Vaughn Jefferis represented New Zealand at two Olympics and three world championships and, but for the extraordinary deeds of his contemporaries Blyth Tait and Mark Todd, would have been hailed as a superstar.
The Matangi-based rider grew up on a farm in the Waikato and was around horses from when he learned to walk. He received early formal coaching from two Englishwomen, Suzanne Dickens and Elaine Knox-Thompson, but later the person who most influenced his riding was Carl Hester, especially in dressage.
For a time Jefferis focused on show-jumping, and he qualified for the 1985 World Cup final in Gothenburg. Jefferis spent much of 1985 show-jumping in the United States, working with John Madden, who went on to become a noted American trainer.
In 1990 Jefferis, who had transferred his interest to three-day eventing, competed in the world championships in Stockholm, where he rode Enterprise. New Zealand won the team title in Stockholm.
Then Jefferis bought seven-year-old Bounce for $60,000 and they formed a combination that was to take the three-day evening world by storm over the next few years. Jefferis rode Bounce to the world individual title in The Hague in 1994. Two years later he was part of the New Zealand team – along with Vicky Latta, Andrew Nicholson and Blyth Tait - that won a bronze medal at the Atlanta Olympics.
In 1998 Jefferis, again on Bounce, helped New Zealand to win the world team title at Rome.
Jefferis, four times the national champion, closed his international riding career at the 2000 Sydney Olympics, when he was part of the New Zealand team.

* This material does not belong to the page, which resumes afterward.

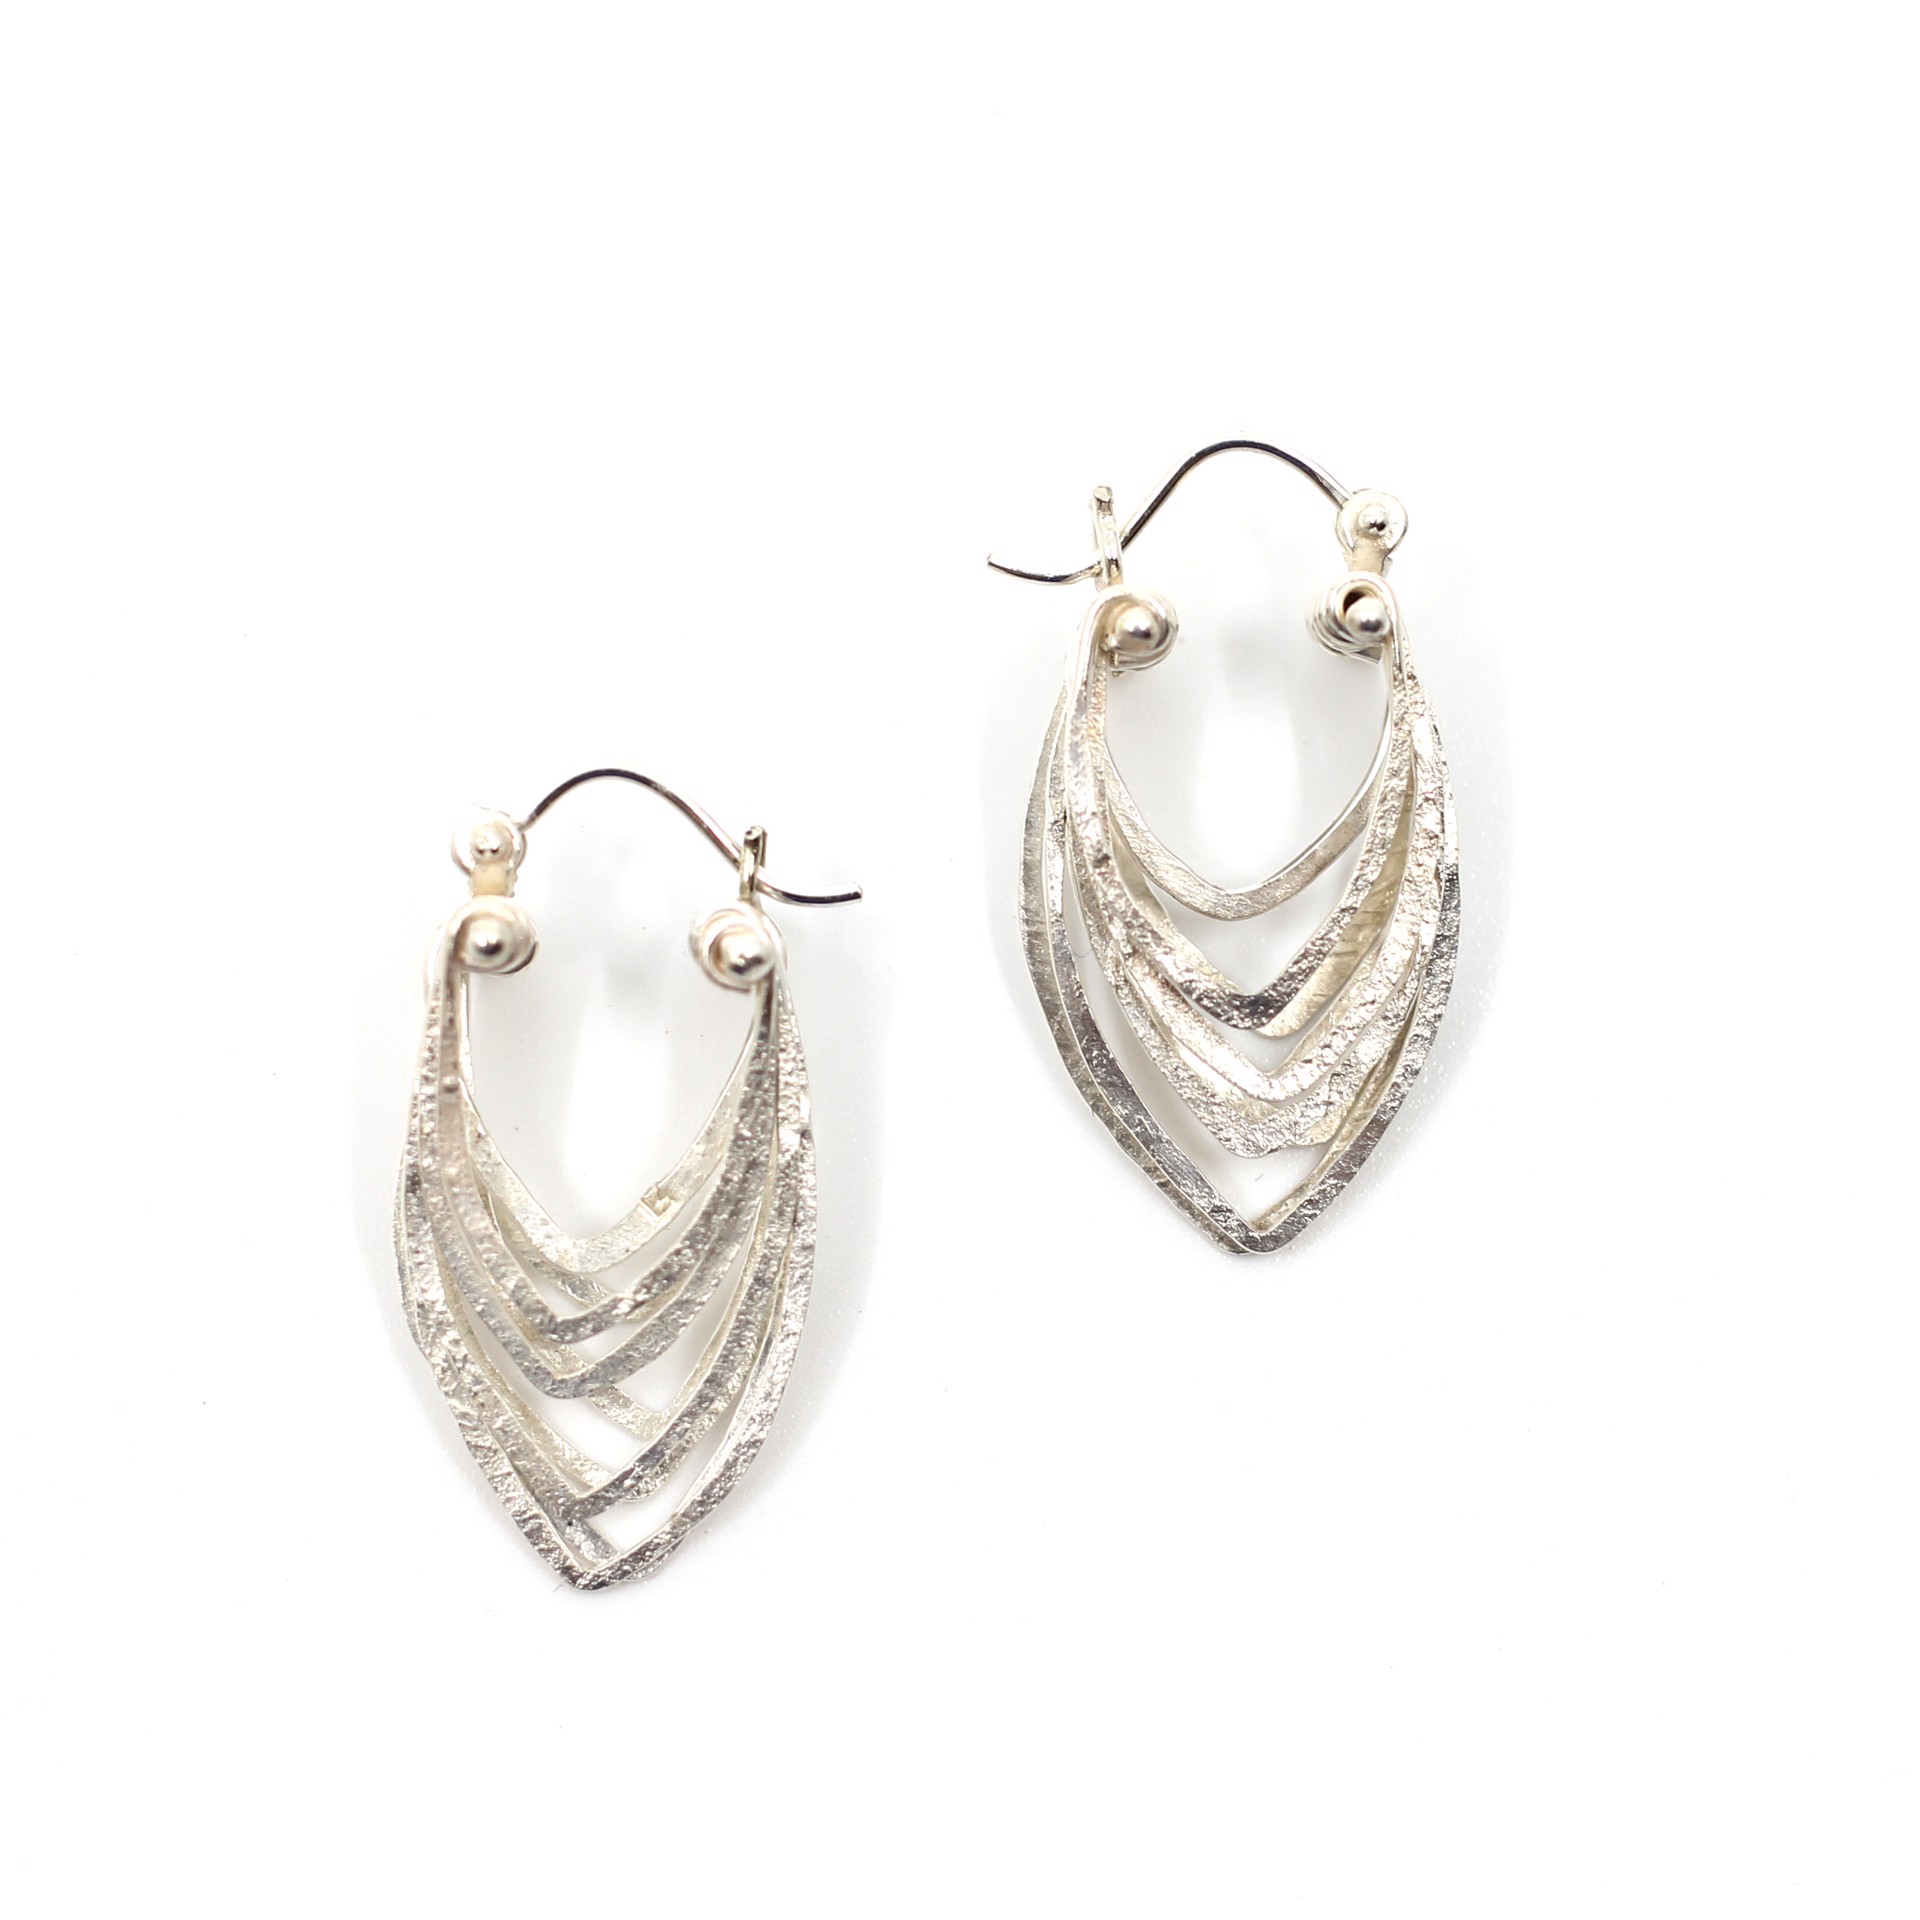 Small Cicada Earrings by Leia Zumbro
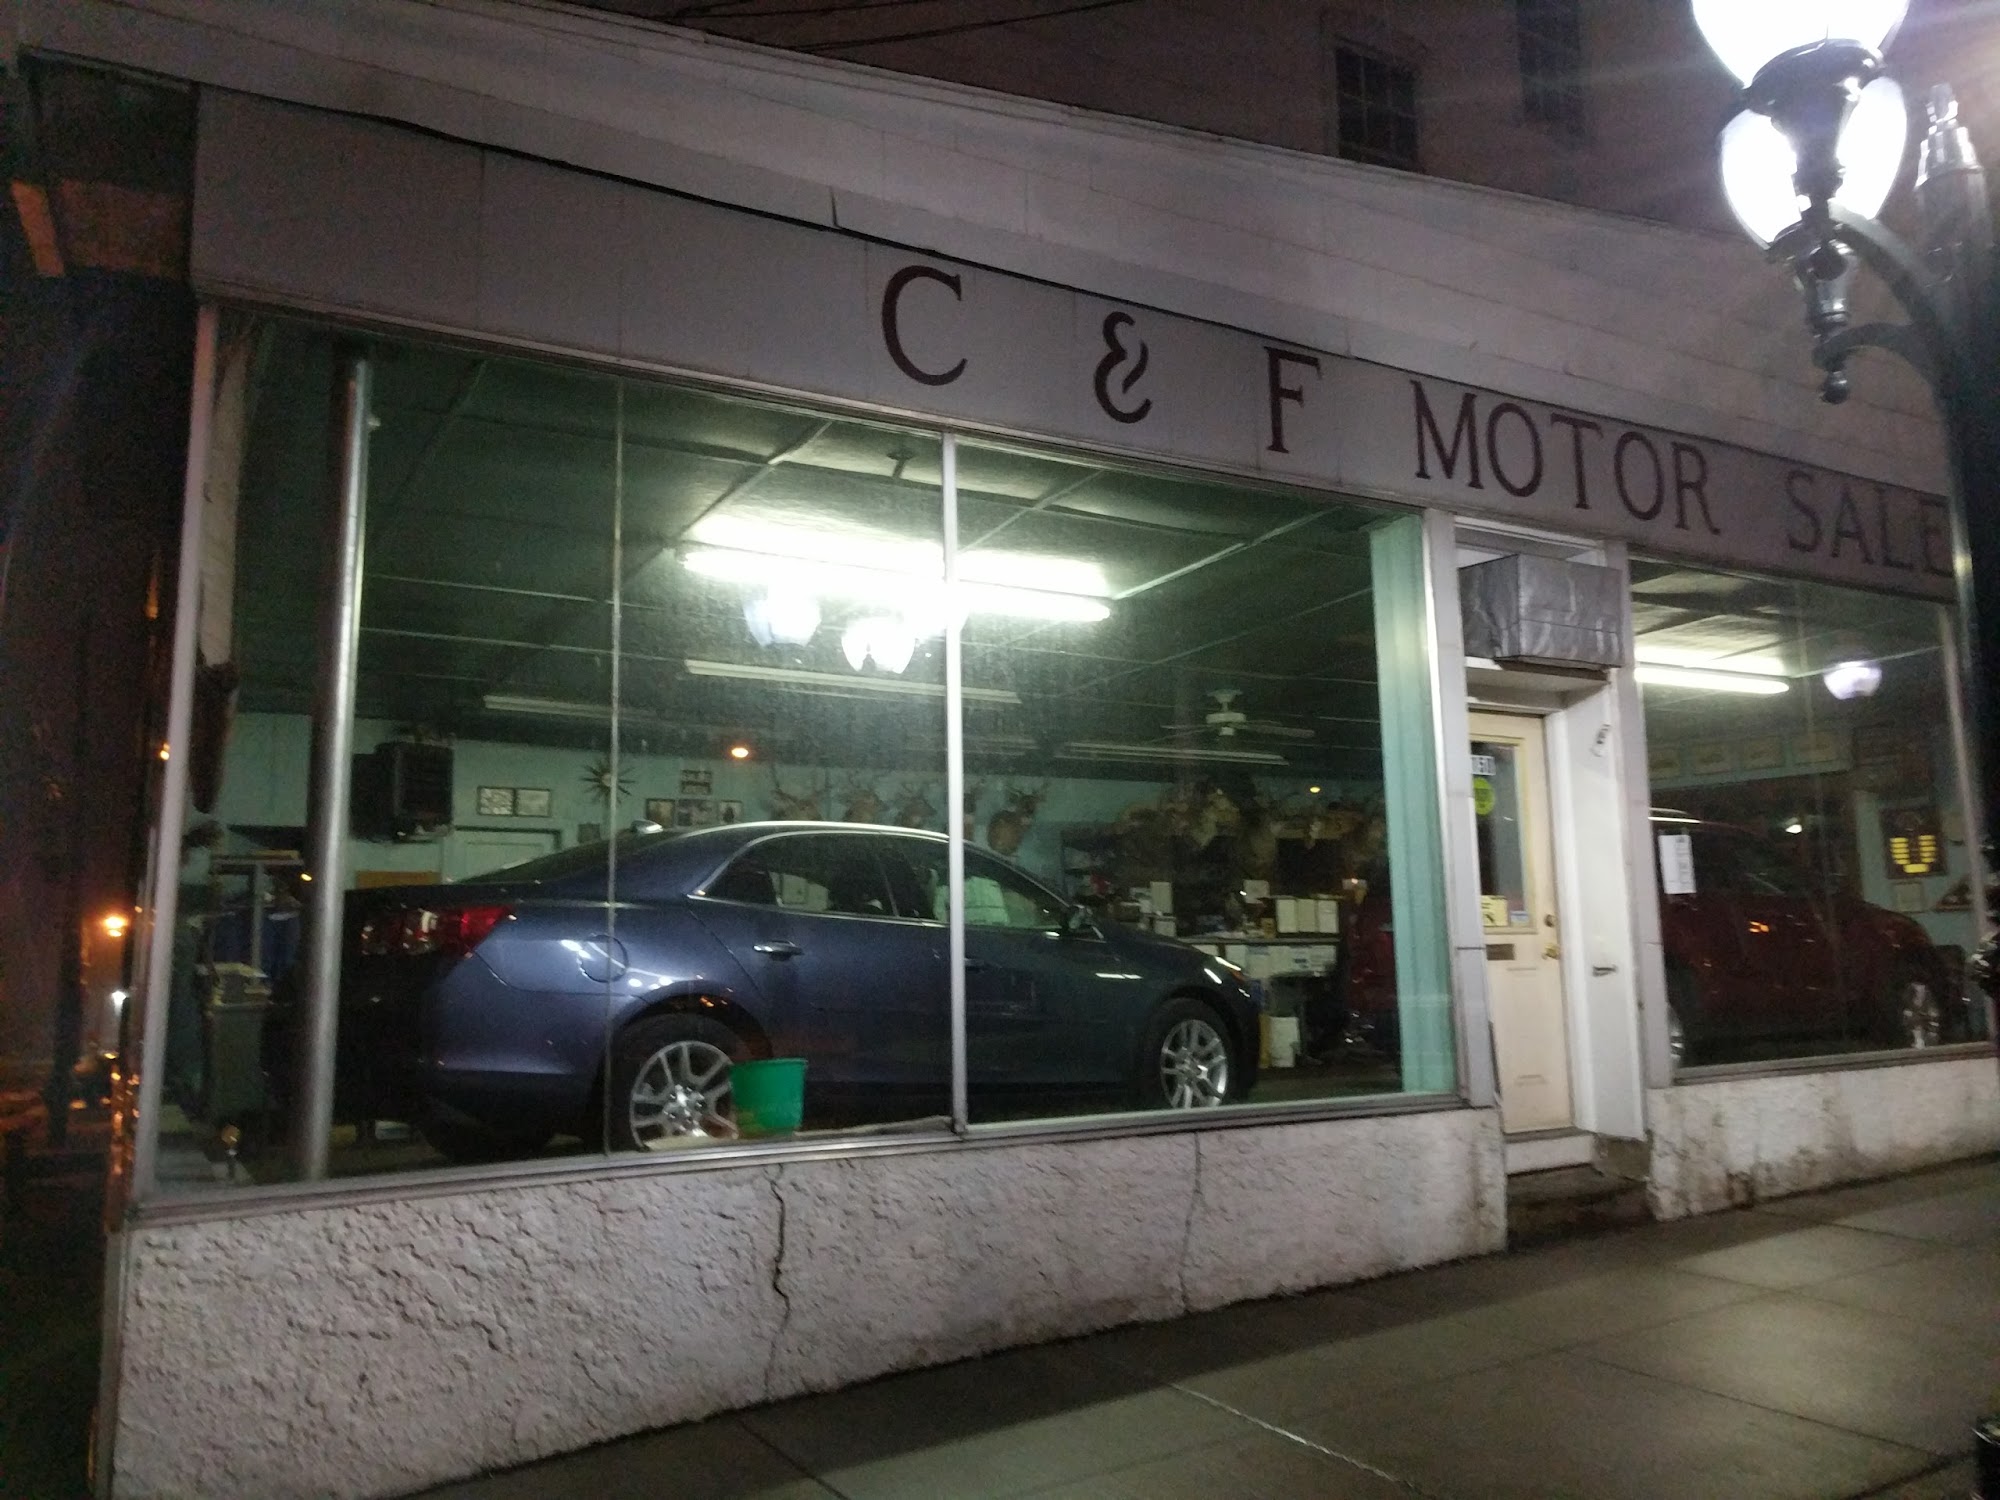 C & F Motor Sales

Jefferis had an outstanding opening day in the dressage, but a series of disasters befell the New Zealanders in the cross-country, and the team was withdrawn. Bounce was retired after those Olympics.
The colourful and at times outspoken Jefferis rode Bounce five times at the prestigious Badminton event, his best placings being second (in 1996) and third (in 1994). Unlike some of his contemporaries, Jefferis never based himself in England, preferring to return to New Zealand after each northern hemisphere season.
After retiring as an international rider, Jefferis concentrated on producing and selling quality horses, and coaching.
Jefferis was a finalist in the Halberg Awards Sportsman of the Year category in 1994 and a team finalist in 1996. In 1998 the New Zealand team, including Jefferis, won the Halberg Award for Team of the Year.